EXERCISE PROMPT:
Starting at the line with "Furniture transport and" and stopping at the final line, retype the data below exactly; do not carry over any pictures.

THE DATA:
┌────────

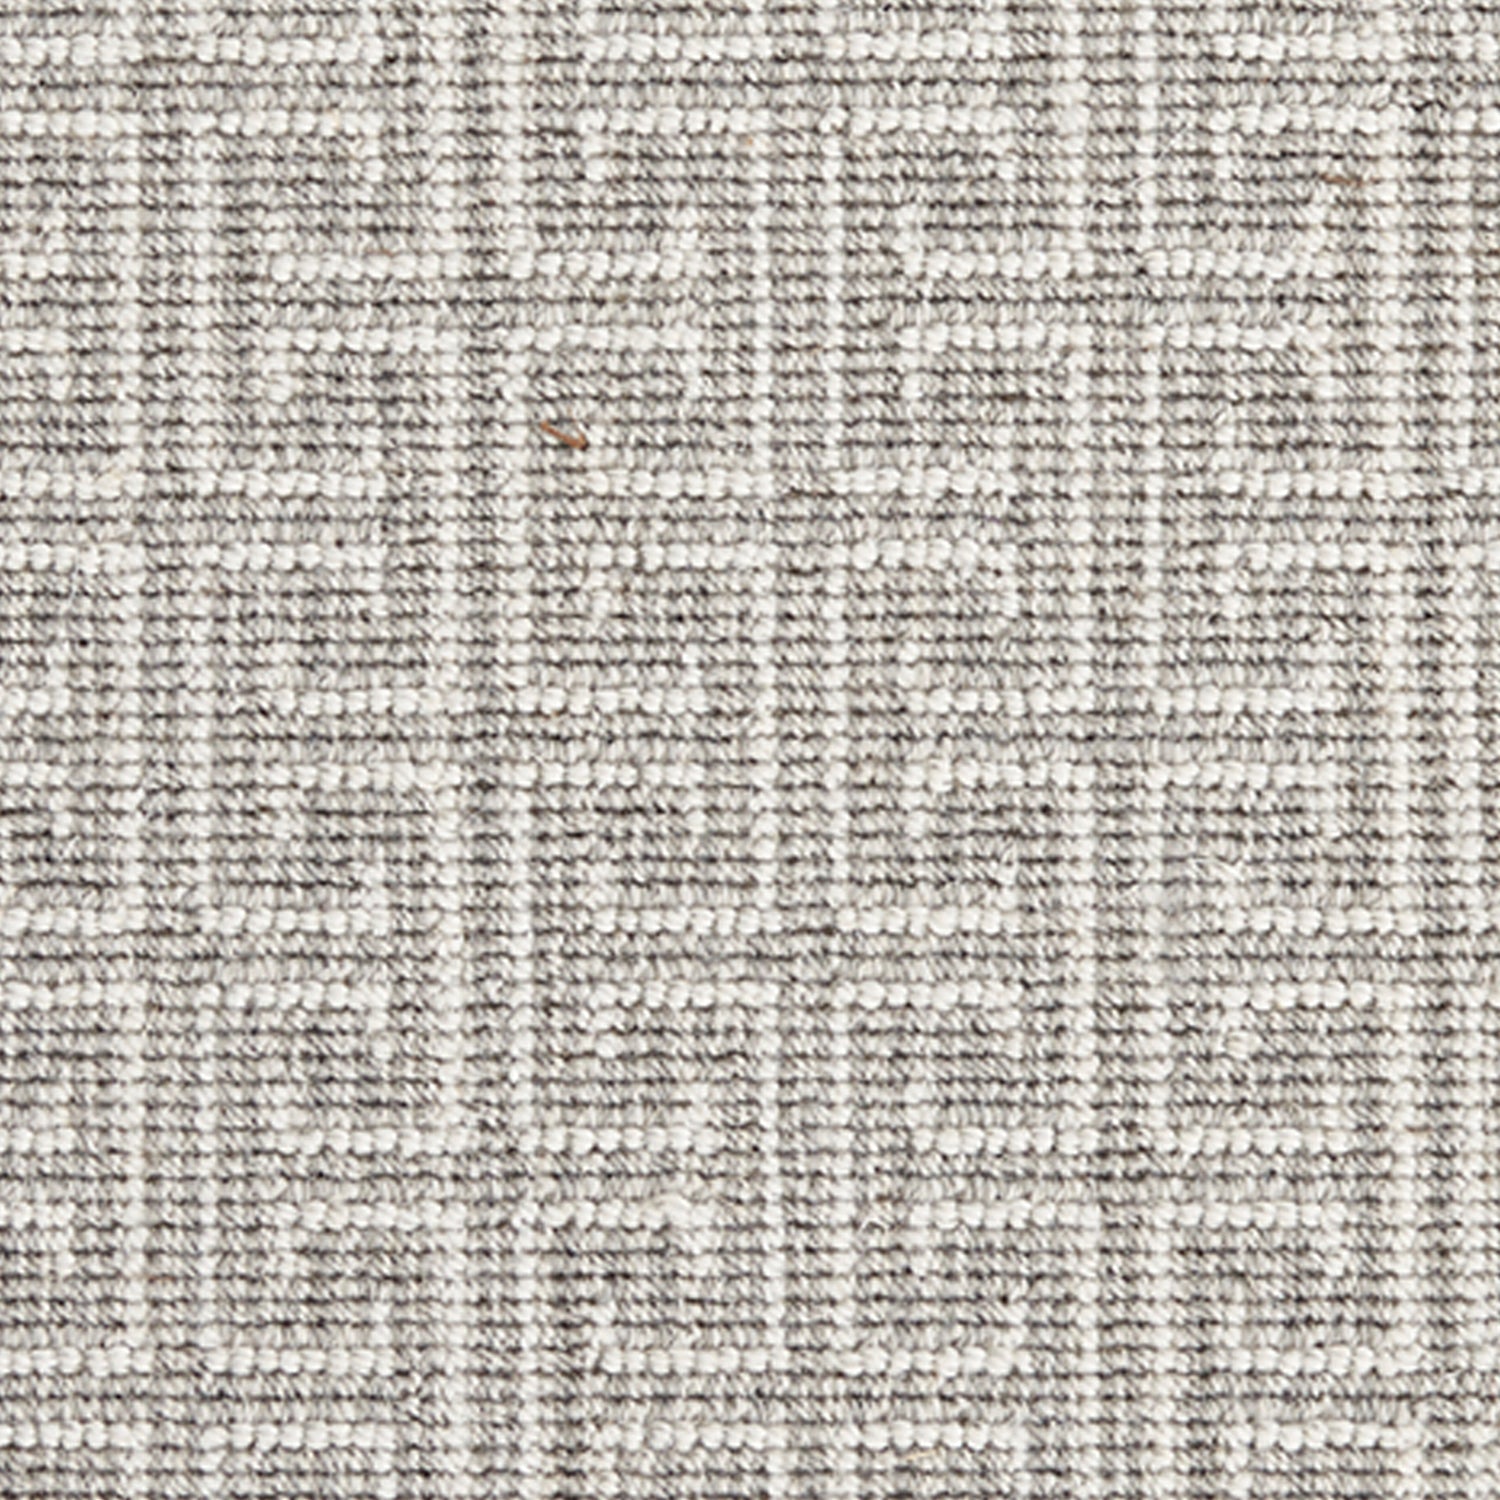 Wool-blend broadloom carpet swatch in an interlocking linear print in gray on a white field.
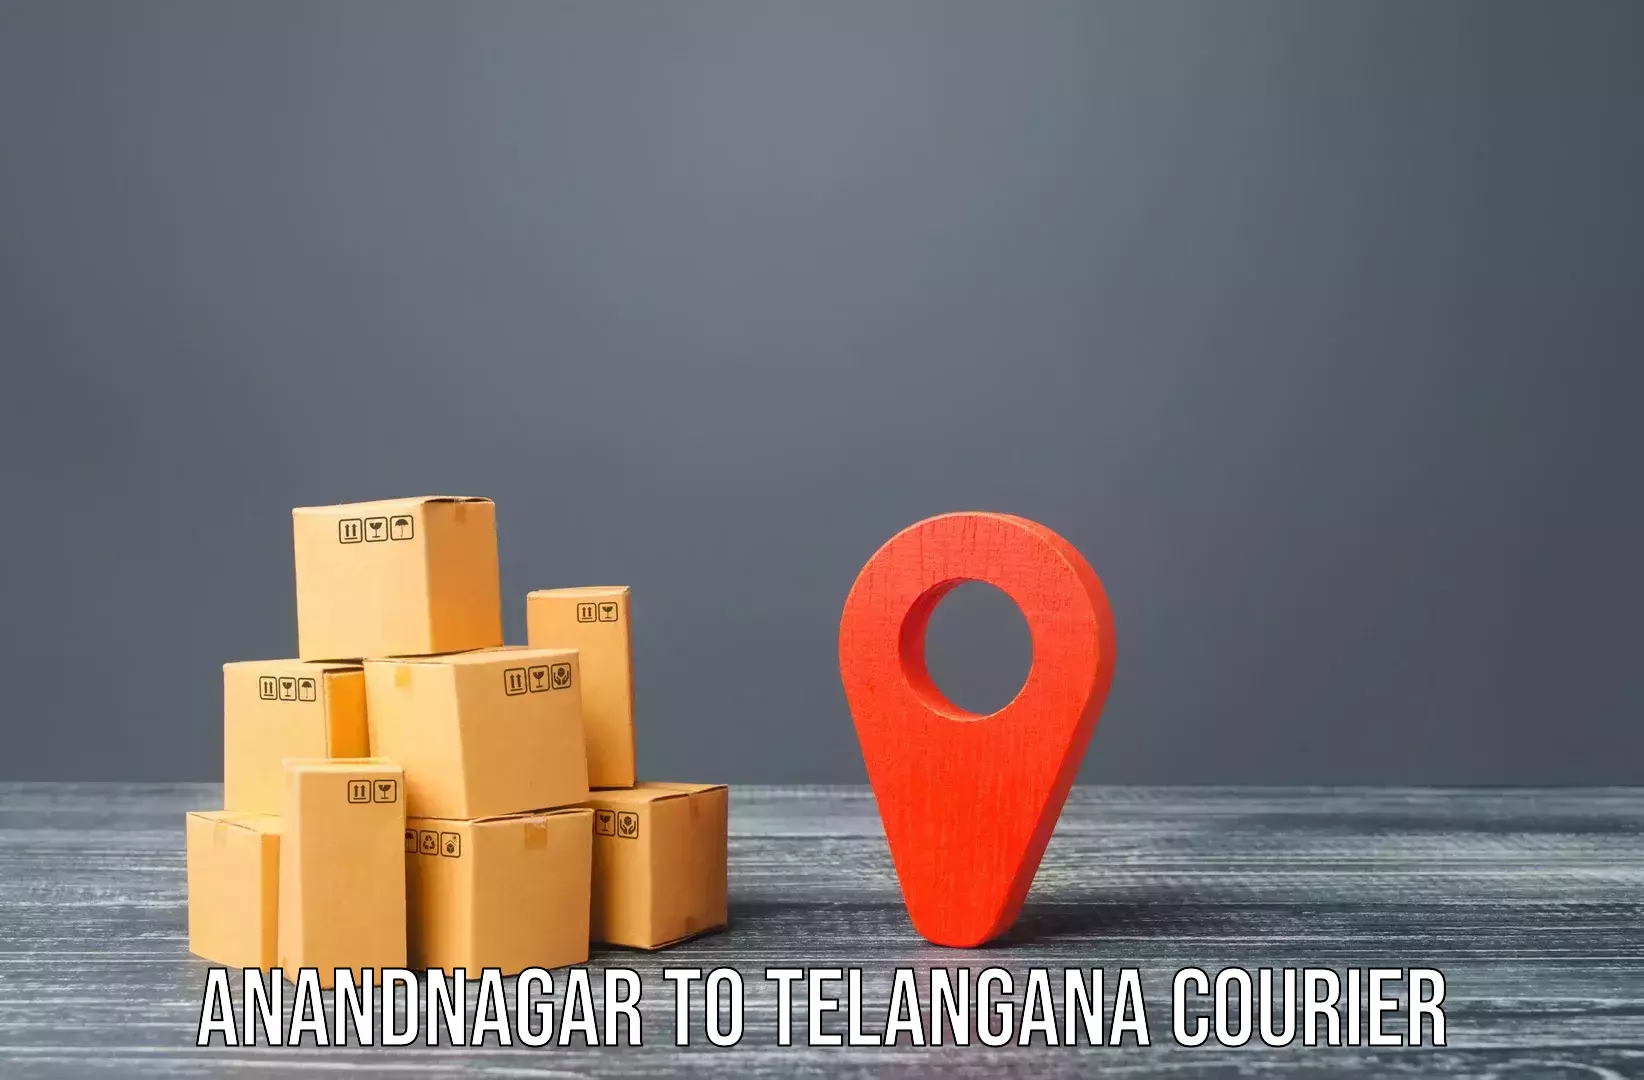 Furniture transport and storage in Anandnagar to Tiryani
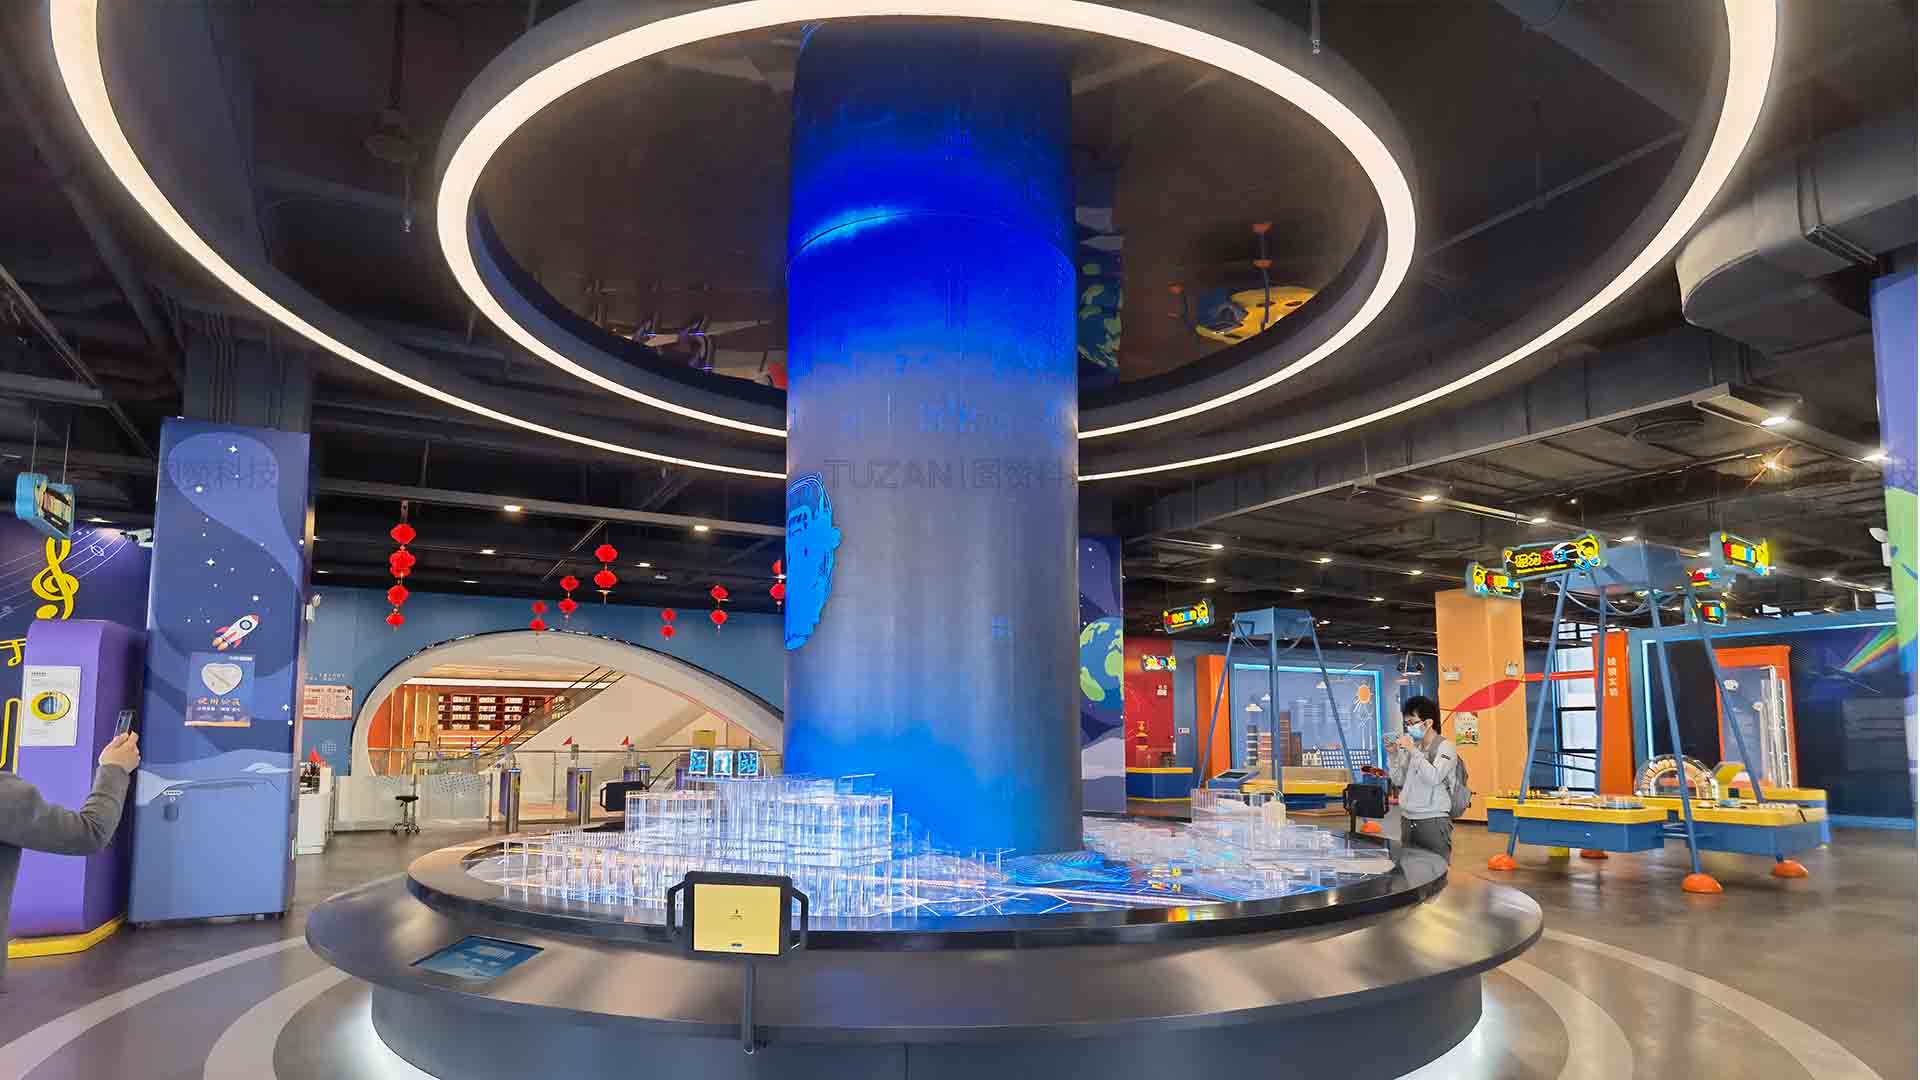 江门科技馆乃多媒体展厅的亮点之作

└────────

ANSWER TO THIS EXERCISE:
 Furniture transport and storage in Anandnagar to Tiryani
 江门科技馆乃多媒体展厅的亮点之作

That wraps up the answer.